> _DATA FOR PROCESSING_:
★ ★ ★ ★ ★

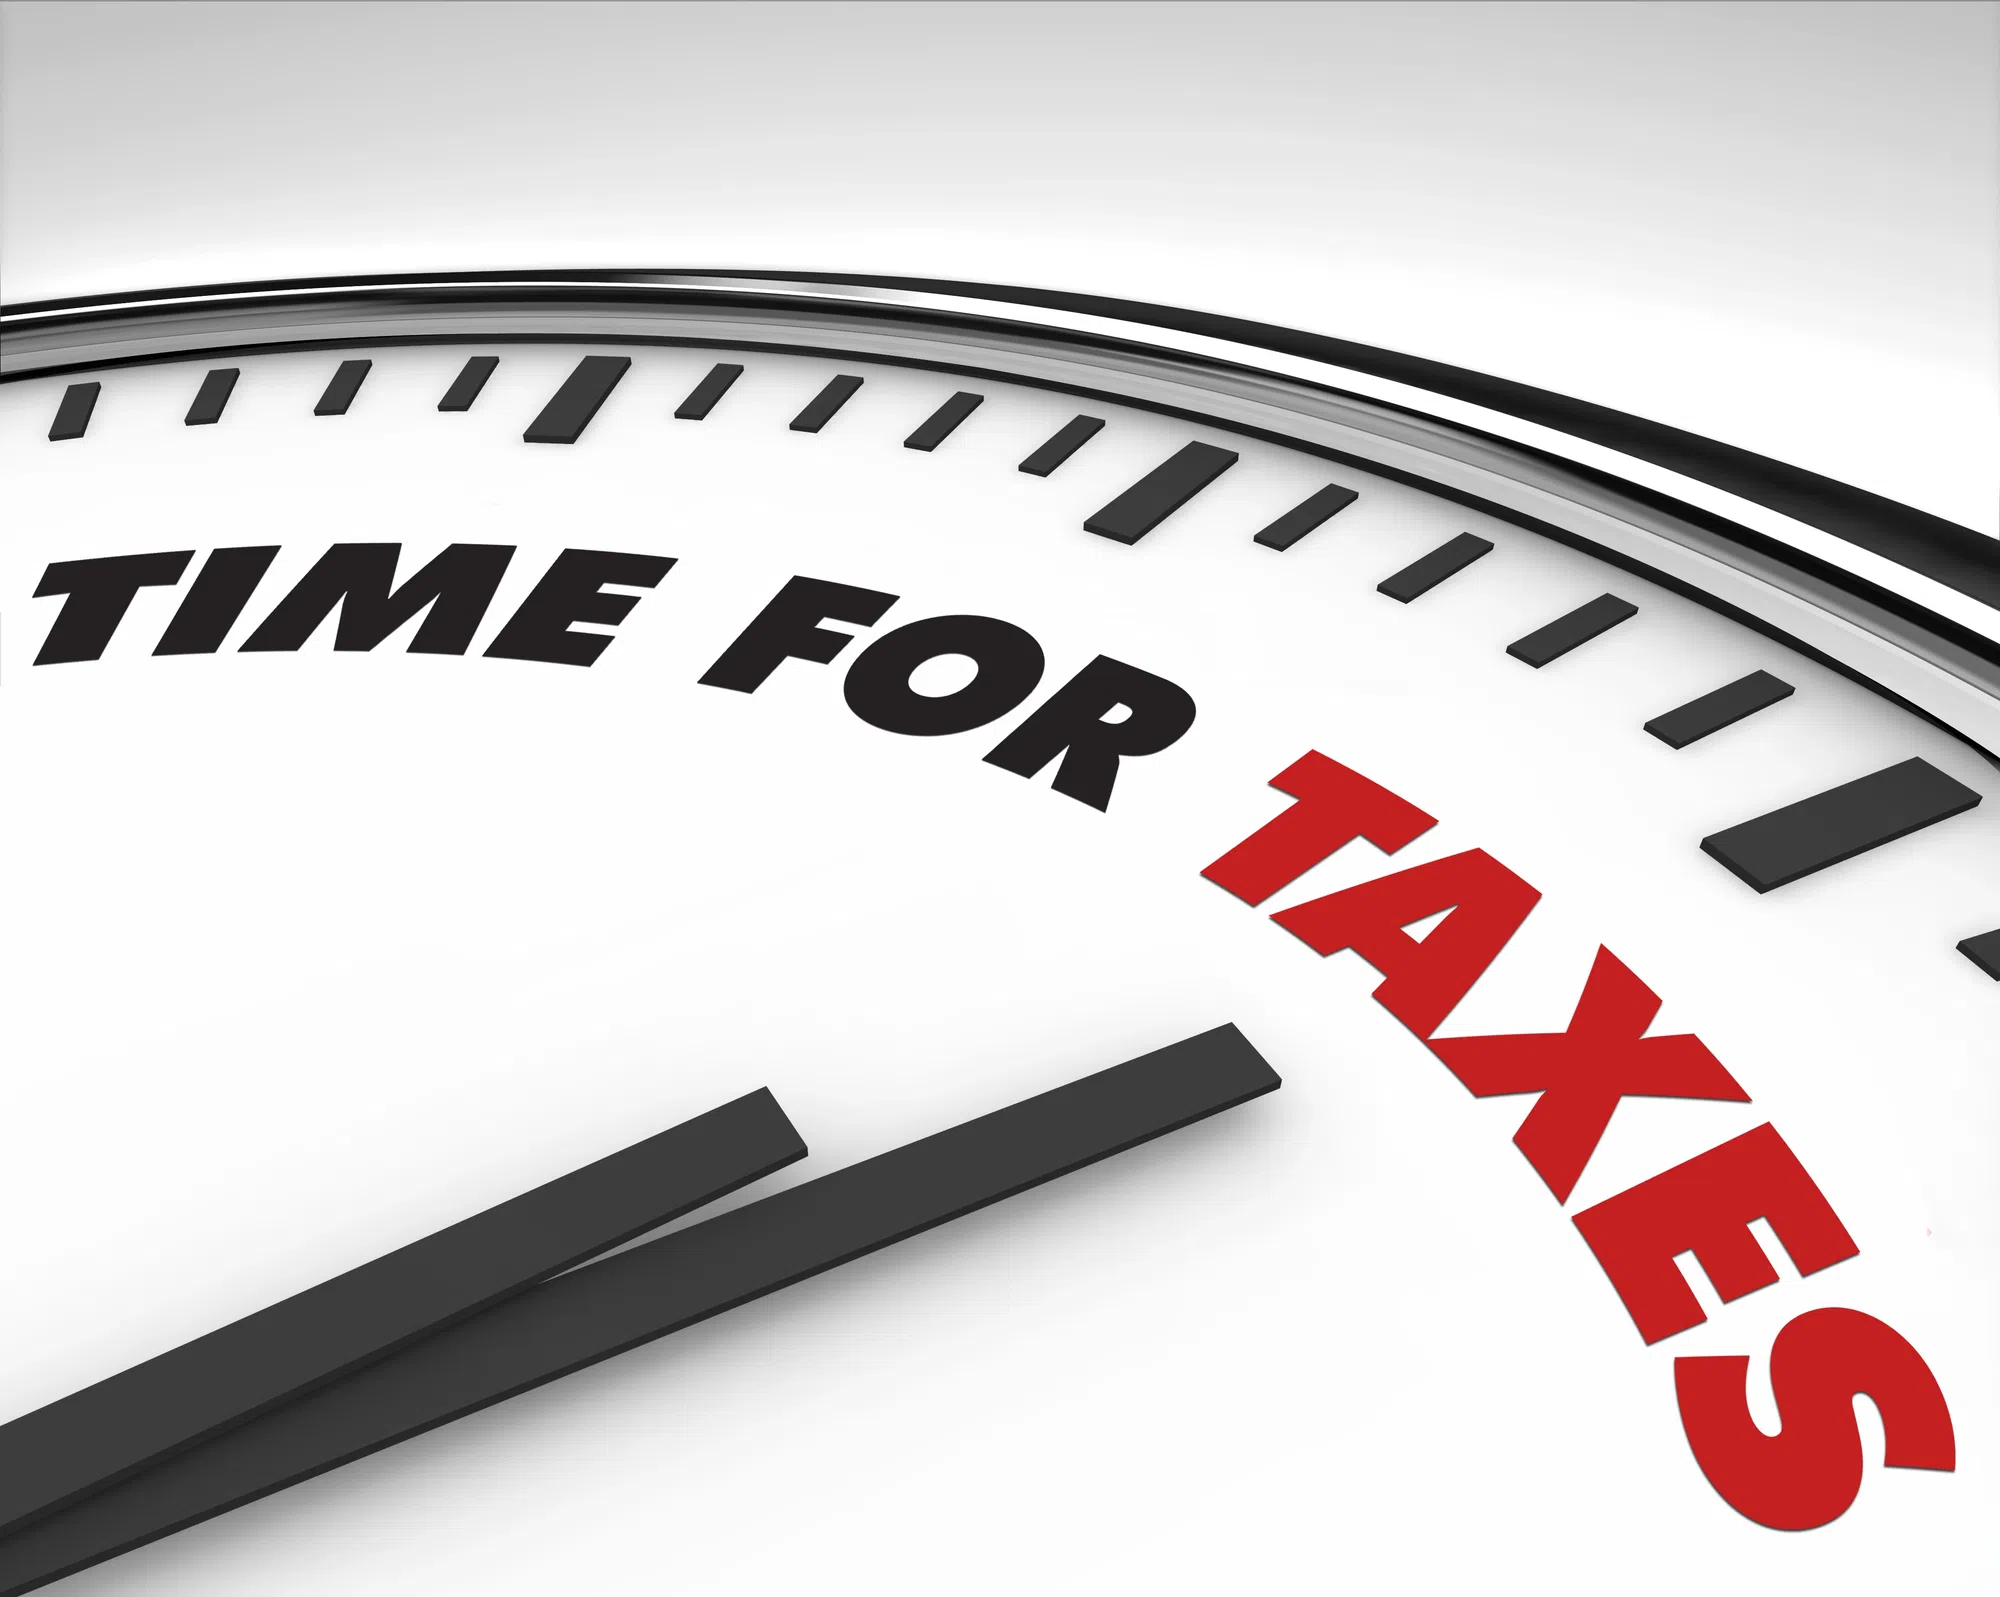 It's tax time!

★ ★ ★ ★ ★

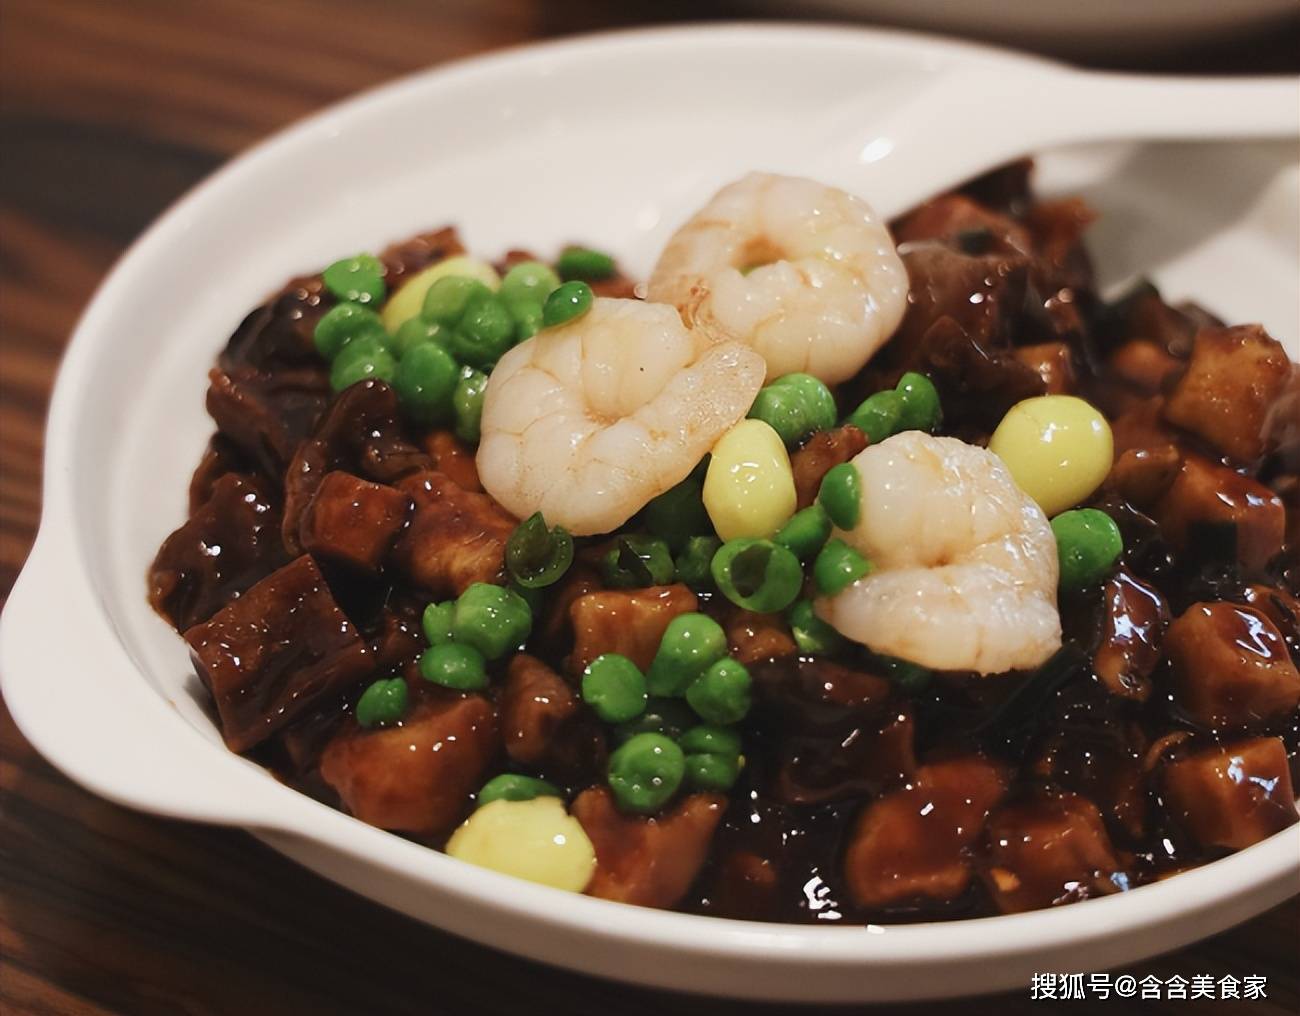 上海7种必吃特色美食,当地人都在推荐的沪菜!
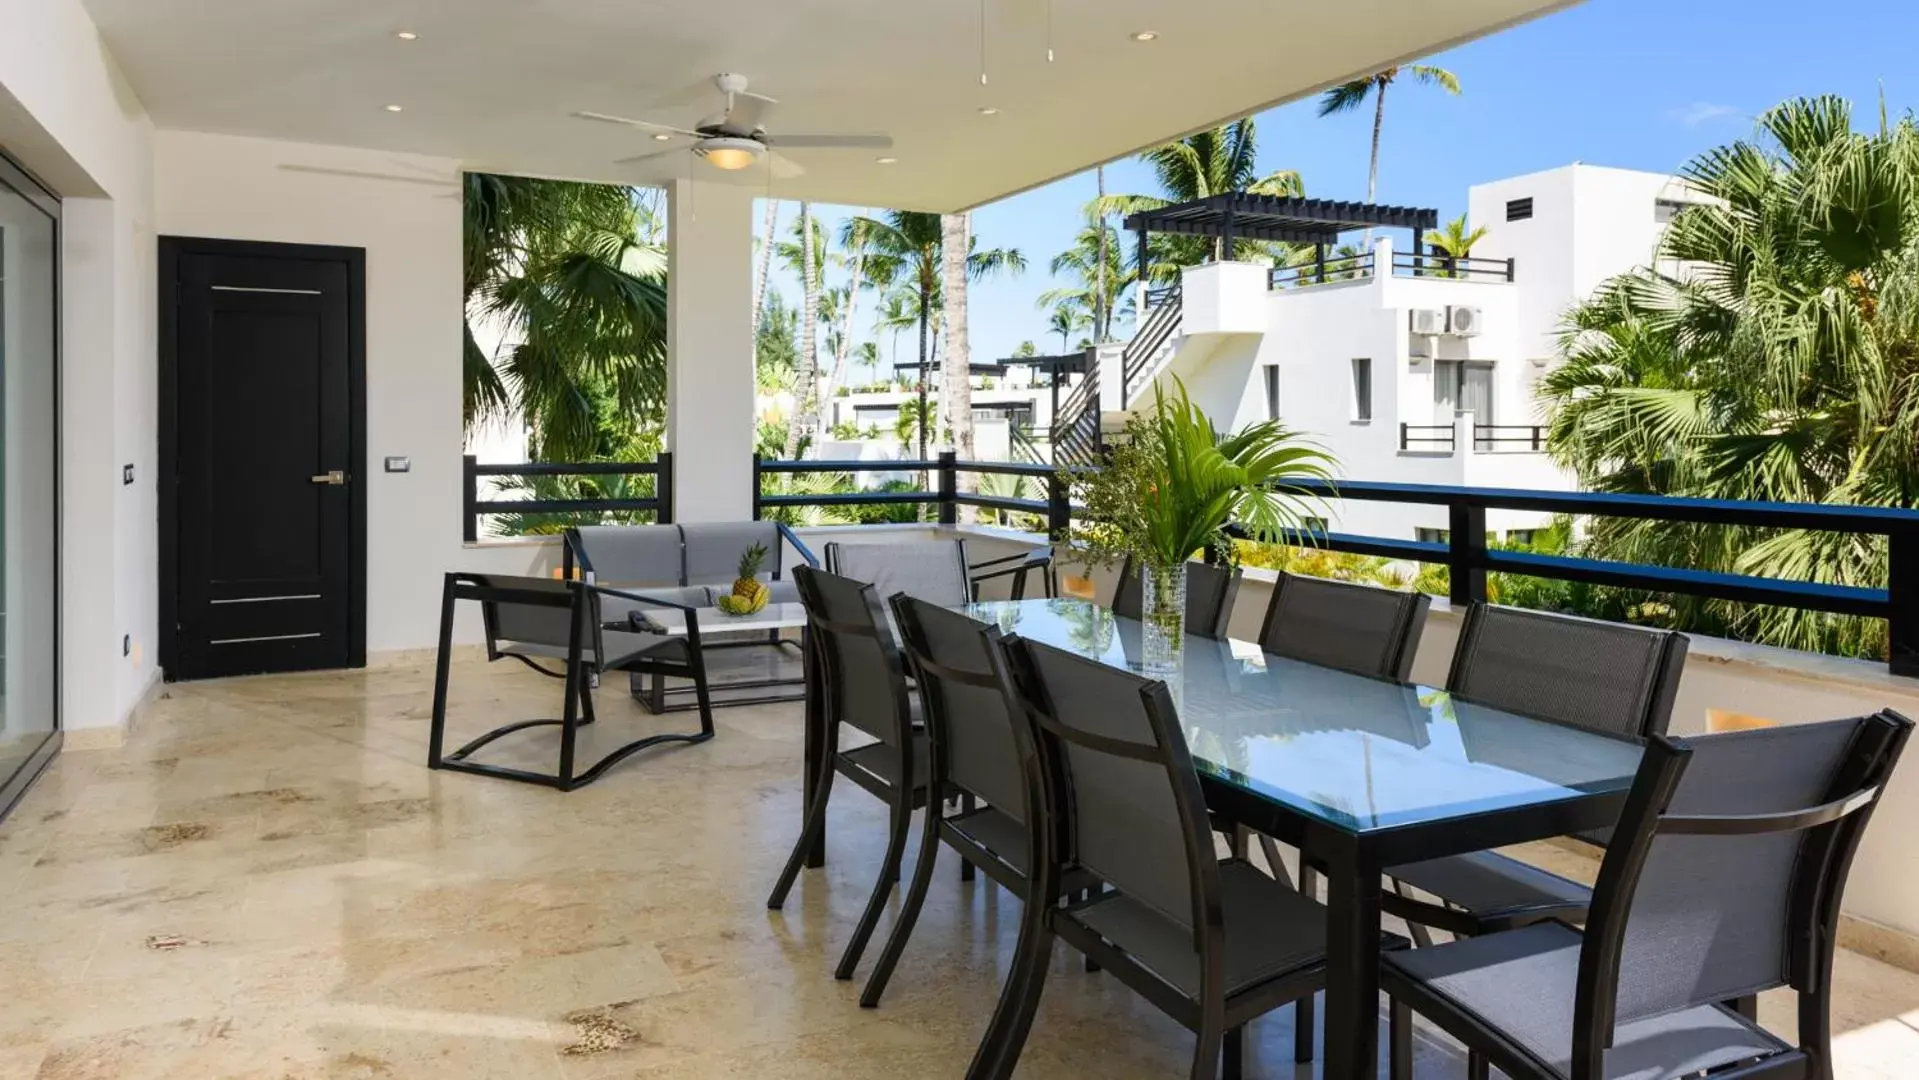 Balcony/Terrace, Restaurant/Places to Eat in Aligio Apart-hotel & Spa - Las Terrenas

★ ★ ★ ★ ★

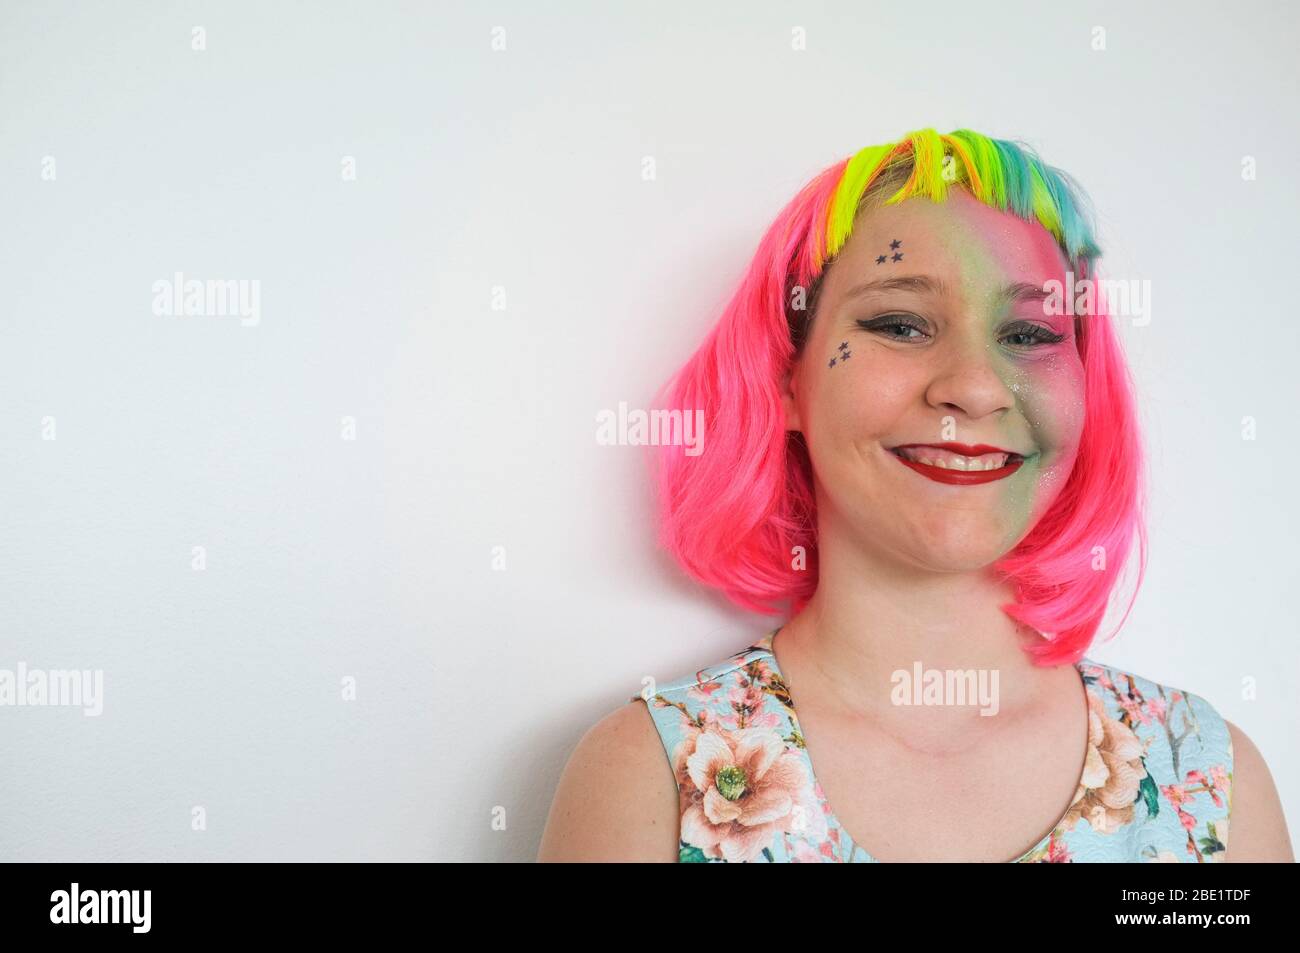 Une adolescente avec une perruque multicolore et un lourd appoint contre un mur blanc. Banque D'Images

★ ★ ★ ★ ★

> _THE TASK_: Within the listing above, print exactly the stretch beginning at the line that contains "上海7种必吃特色美食,当地人都在推荐的沪菜!" and finishing at the line that contains "Balcony/Terrace, Restaurant/Places to", ends kept, pictures left out, and nothing more.

> _ANSWER SECTION_:
 上海7种必吃特色美食,当地人都在推荐的沪菜!
 Balcony/Terrace, Restaurant/Places to Eat in Aligio Apart-hotel & Spa - Las Terrenas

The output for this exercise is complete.